Various protocols use 5,6-isopropylidene-l-ascorbic acid as starting material and deliver a mixture of 2- and 3-alkylation products. [8] In some cases however, regio- and chemoselective 3-O-alkylation is observed. [9] Selective 2-O-alkylation can be achieved after protection of the more acidic position 3.

In addition to these procedures, several groups have developed methods to address 3-alkyl ethers without the need for prior protection. Unprotected l-ascorbic acid can, for example, be regio- and chemoselectively alkylated at position 3 under Mitsunobu conditions in good yields. [¹0]

Scheme 1 Syntheses of the different chains. Reagents and conditions: (a) n = 10, 12, 14, 16: aq HI (57%), toluene, 90 ˚C, 6 h (61-78%); (b) n = 10: NaH, BnBr, NBu4Br, THF, reflux, 12 h (49%); (c) n = 10: NaH, BnBr, THF, reflux, 12 h (95%); (d) n = 10: phthalimide, DEAD, Ph3P, CH2Cl2, 0 ˚C to r.t., 24 h (93%); (e) MsCl, Et3N, CH2Cl2, 0 ˚C to r.t., 18 h (quant); (f) aq HI (57%), AcOH, 60 ˚C, 6 h (96%).
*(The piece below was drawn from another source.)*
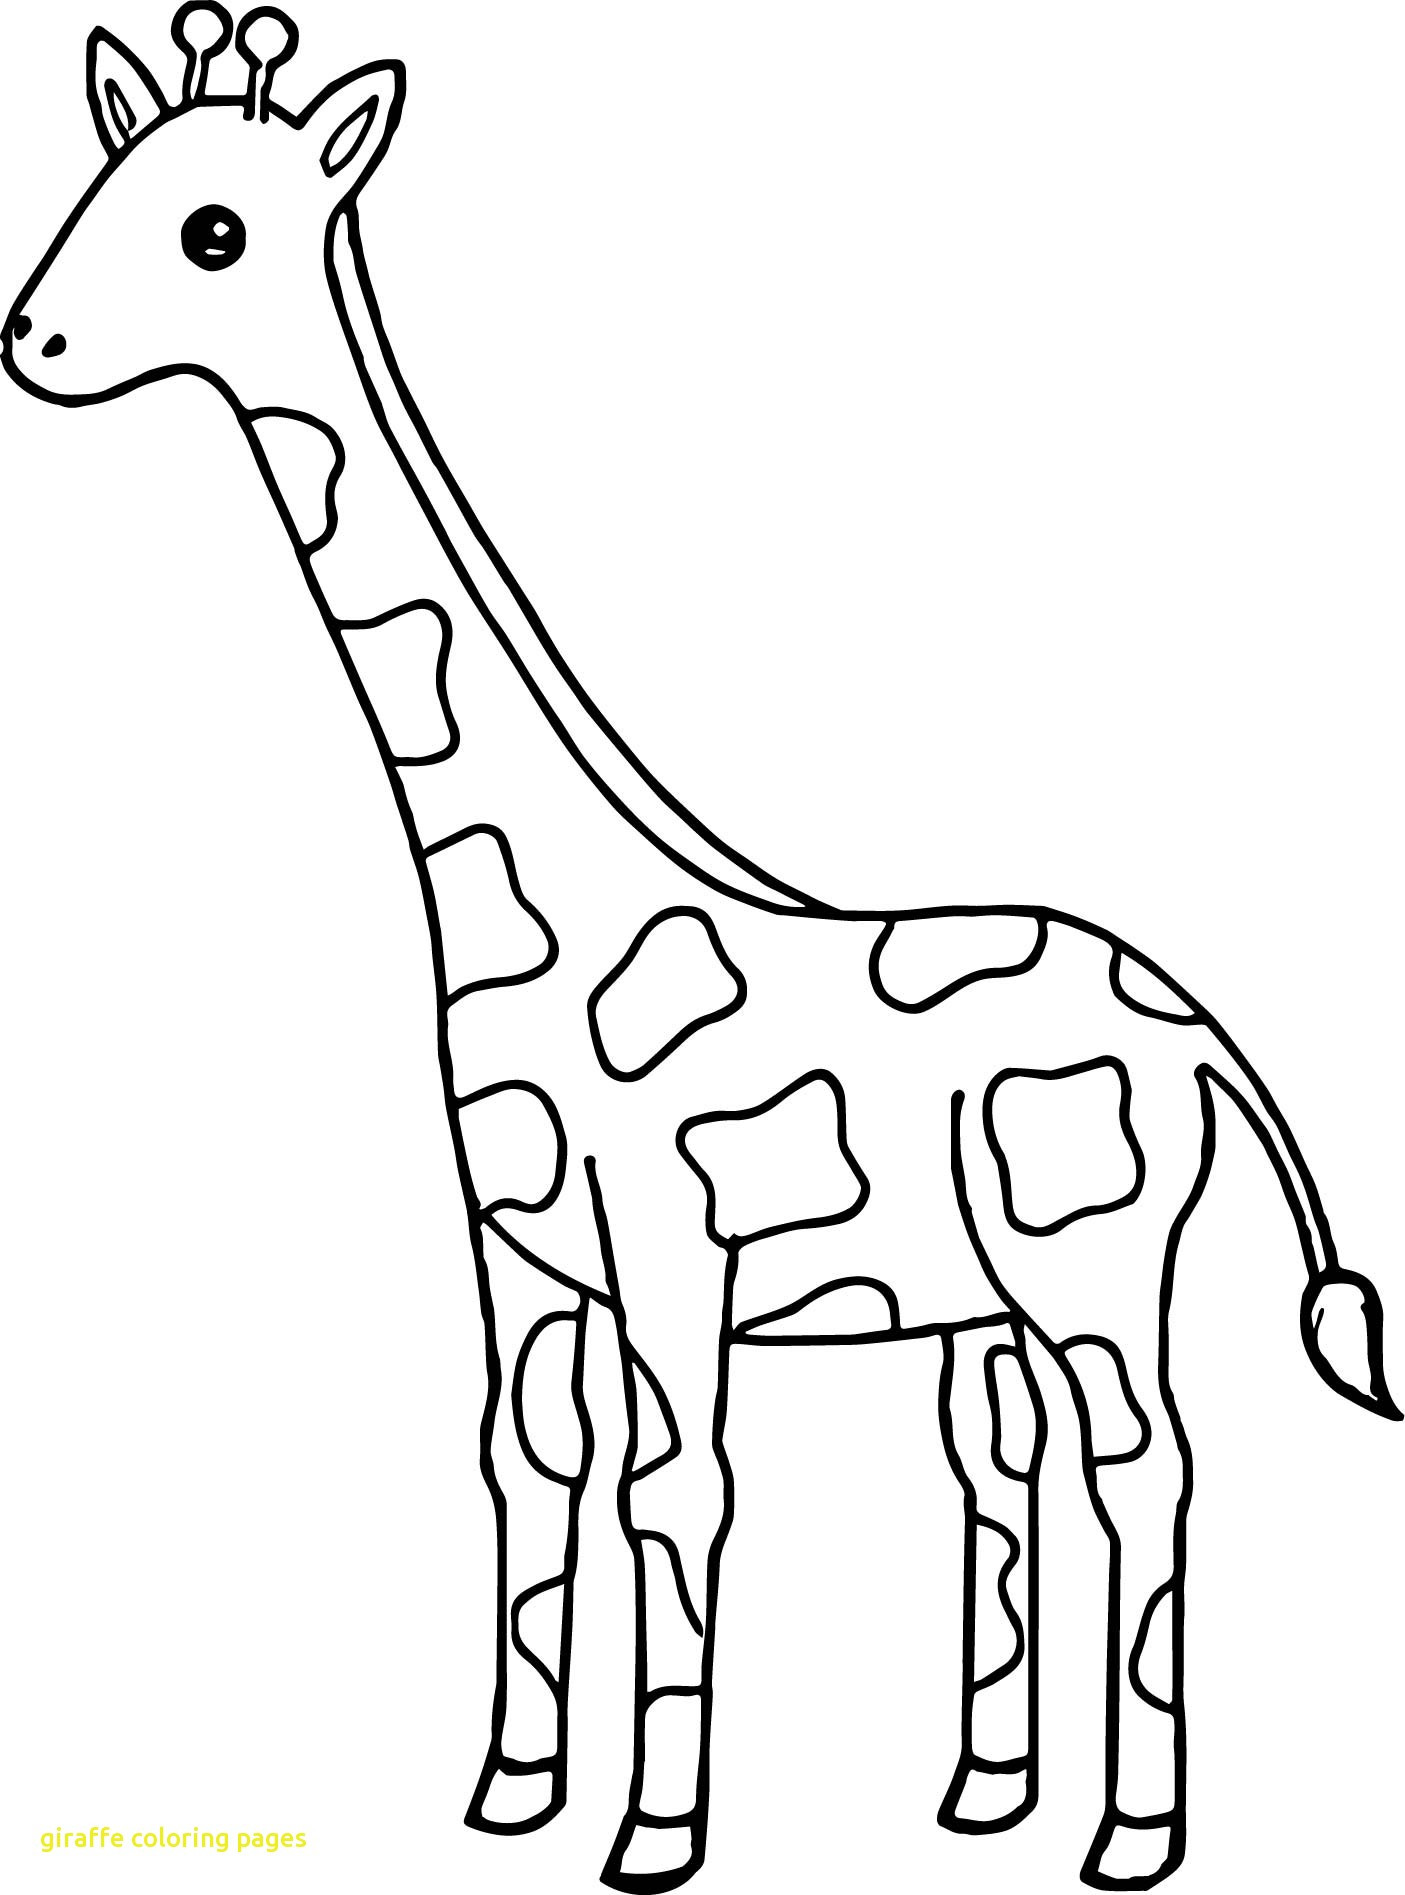 Giraffe Mask Coloring Page - G is for Giraffe coloring page - coloring

Regioselective one-pot 3-O-alkylation of unprotected ascorbic acid has also been achieved using alkyl mesylates in the presence of sodium hydrogen carbonate in DMSO [¹¹] or by refluxing alkyl mesylates or sulfonates with triethylamine in alcohols. [¹²] O-Alkylenation reactions of vitamin C are much rarer though [¹³] and to the best of our knowledge, there is no example to date of a one-pot synthesis of such a compound.

Here we present an efficient one-pot synthesis for 3-O-alkylene ethers of vitamin C without need for protecting groups which is based on a slight modification of a known chemo- and regioselective approch. [¹¹] These compounds are very interesting as potent amphiphilic antioxidants. In addition to the corresponding alkyl ethers of vitamin C, already used in this context, our compounds with their terminal functionalization offer the possibility for further derivatization.
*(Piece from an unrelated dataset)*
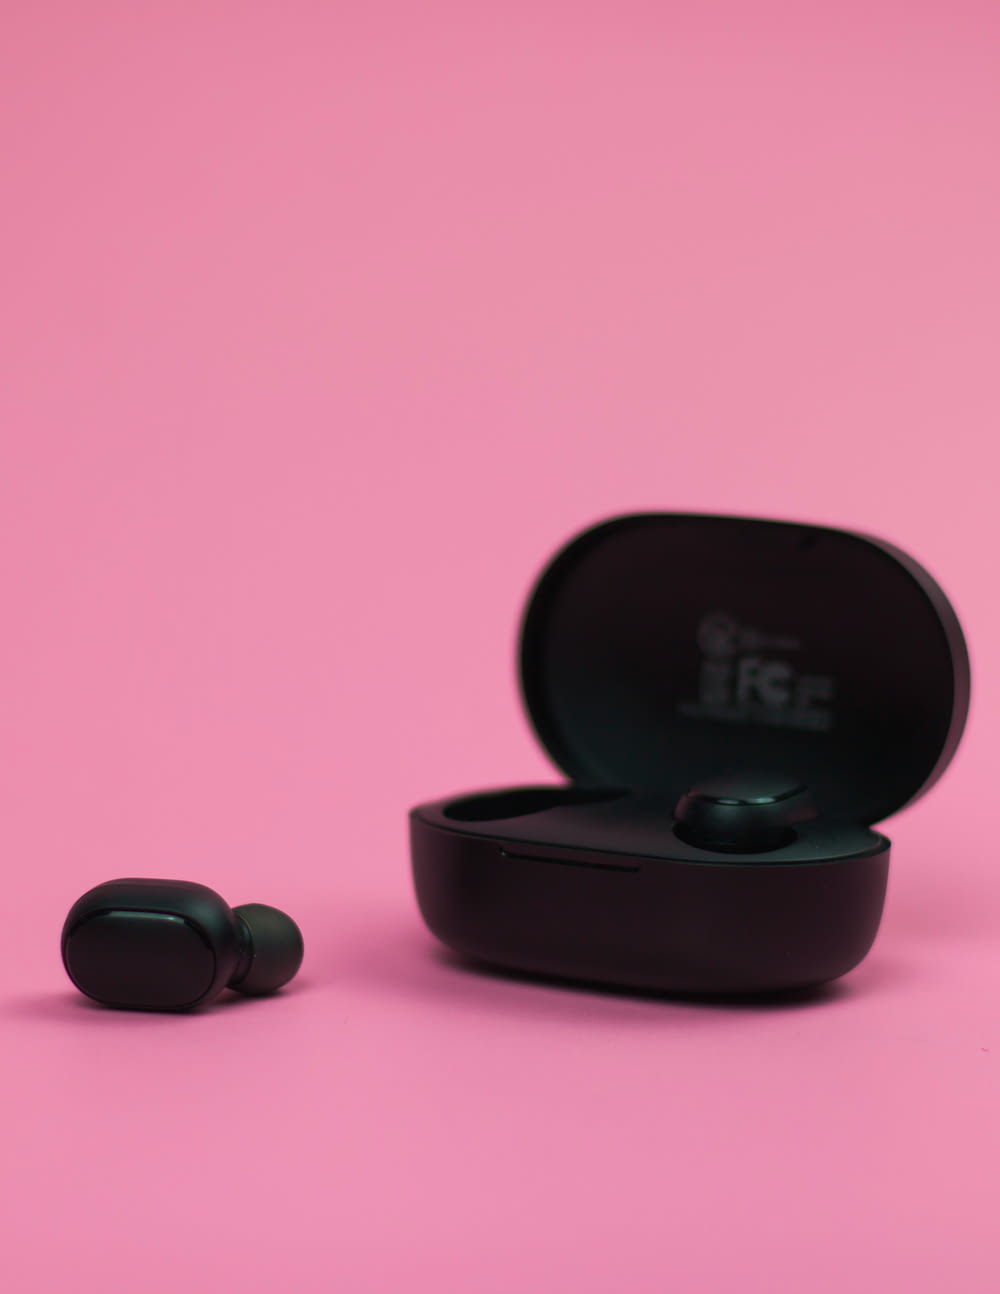 a pair of ear buds sitting on top of a pink surface

In order to access the different 3-O-alkylene ethers, we first had to prepare the different alkylene chains (Scheme  [¹] ). Diols 1 were monoiodinated using a 57% aqueous solution of hydroiodic acid in toluene. [³a] Compound 5 was obtained as single product via a Mitsunobu reaction of iodoalcohol 2a and phthalimide. [¹4] Benzylation of 2a in the presence of sodium hydride gave [(10-iodo­decyloxy)methyl]benzene (4). Monobenzylation of decan-1,10-diol (1a) afforded 10-(benzyloxy)decan-1-ol (3) [³b] which was further converted into mesylate 6. [¹¹] 16-Iodohexadecanoic acid (8) was obtained by reacting lactone 7 in glacial acetic acid in the presence of hydroiodic acid. [¹5]

With all the different alkylene chains in hand, we started investigating the regioselective etherification of vitamin C. We began to explore the procedure developed by ­Beifuss et al. reacting unprotected ascorbic acid with mesylates and sodium hydrogen carbonate in DMSO (Scheme  [²] , Table  [¹] ). [¹¹]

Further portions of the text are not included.